В дальнейшем мне не раз приходилось видеть, как тяжелые вьюки добивали упавшего легкораненого бойца. Мы снимали с убитого товарища вьюк и мчались дальше. Я как комсорг роты, а затем и батальона следил, чтобы у погибшего комсомольца забрали все документы, а особенно его комсомольский билет.
Перепрыгиваем через какие-то мешки или кочки, в темноте не видно, что у нас под ногами. Угнетает смрадный запах. Бегом от него, вперед, вперед! В небе повисла фиолетовая ракета и осветила… лица трупов. Лежали тут и немцы, и наши…

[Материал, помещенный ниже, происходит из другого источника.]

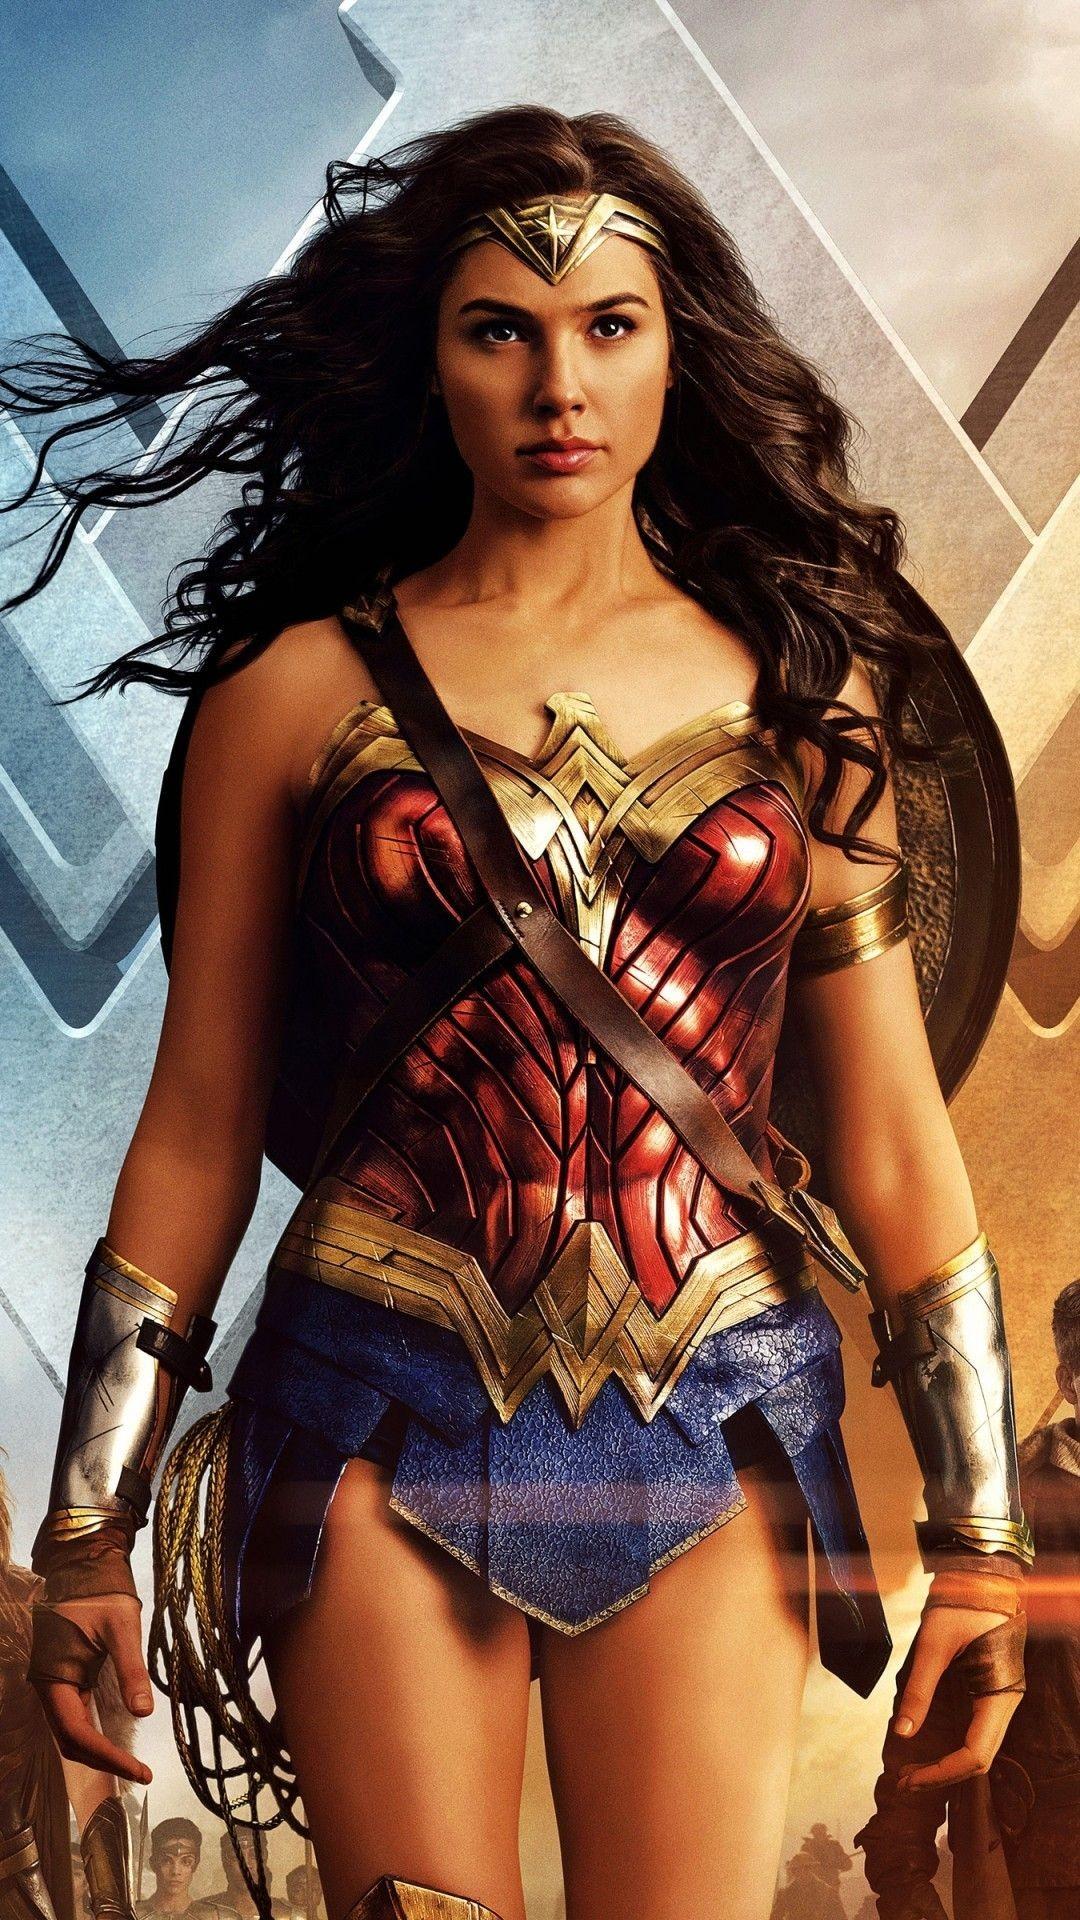 Res: 1080x1920, Wonder Woman Wallpaper Gal Gadot - Best iPhone Wallpaper

Ракеты зачастили. Украдкой поглядываю на товарищей: видят они? Да, видят. Но лица у всех невозмутимые, никто не охнул, не выматерился даже: мол, война, она и есть война, дело привычное. А чего там привычное! Мне самому только-только исполнилось девятнадцать, и другим, я знал, немногим больше, а опыт у всех одинаковый – училищные стрельбы в Ташкентском пехотном по ускоренной программе. Прыгаю через трупы и краем сознания успеваю удивиться: как же быстро человек приспосабливается к тому, что в воображении порой и уместиться не может. И в том же краешке сознания нашлось место странному в этой обстановке чувству – я был удовлетворен собой. Если бы и на меня кто взглянул, как я поглядываю на лица товарищей, он бы и на моем лице не прочел ничего, кроме общего для всех выражения сосредоточенности. Оказаться «как все», то есть не хуже других, на войне – это вроде как получить подтверждение своей полноценности. Большое дело для самоуважения. Как я ни был потрясен картиной, открывшейся в фиолетовом свете ракеты, – вот они, внутренности войны, реальная обстановка, из которой шлют извещения: «Погиб смертью храбрых…», – я, как и все, делал то, что нужно, старался не споткнуться, не выпрямиться на свист пули… Последние метры бежим внаклон чуть не до земли – балка стала мелеть, и пули свистят совсем низко, – и вот я спрыгиваю в траншею исправным солдатом: жив, нигде не трет, не жмет, вещмешок и личное оружие при мне, немного отдышаться – и готов стрелять, как только прикажут.
– Что так долго?.. – несется нам навстречу с хриплым матерком, и фронтовичков выдувает из траншеи как ветром. Они призраками – вместе со своими минометами, «максимами» – прошмыгивают мимо нас в балку, из которой мы пришли.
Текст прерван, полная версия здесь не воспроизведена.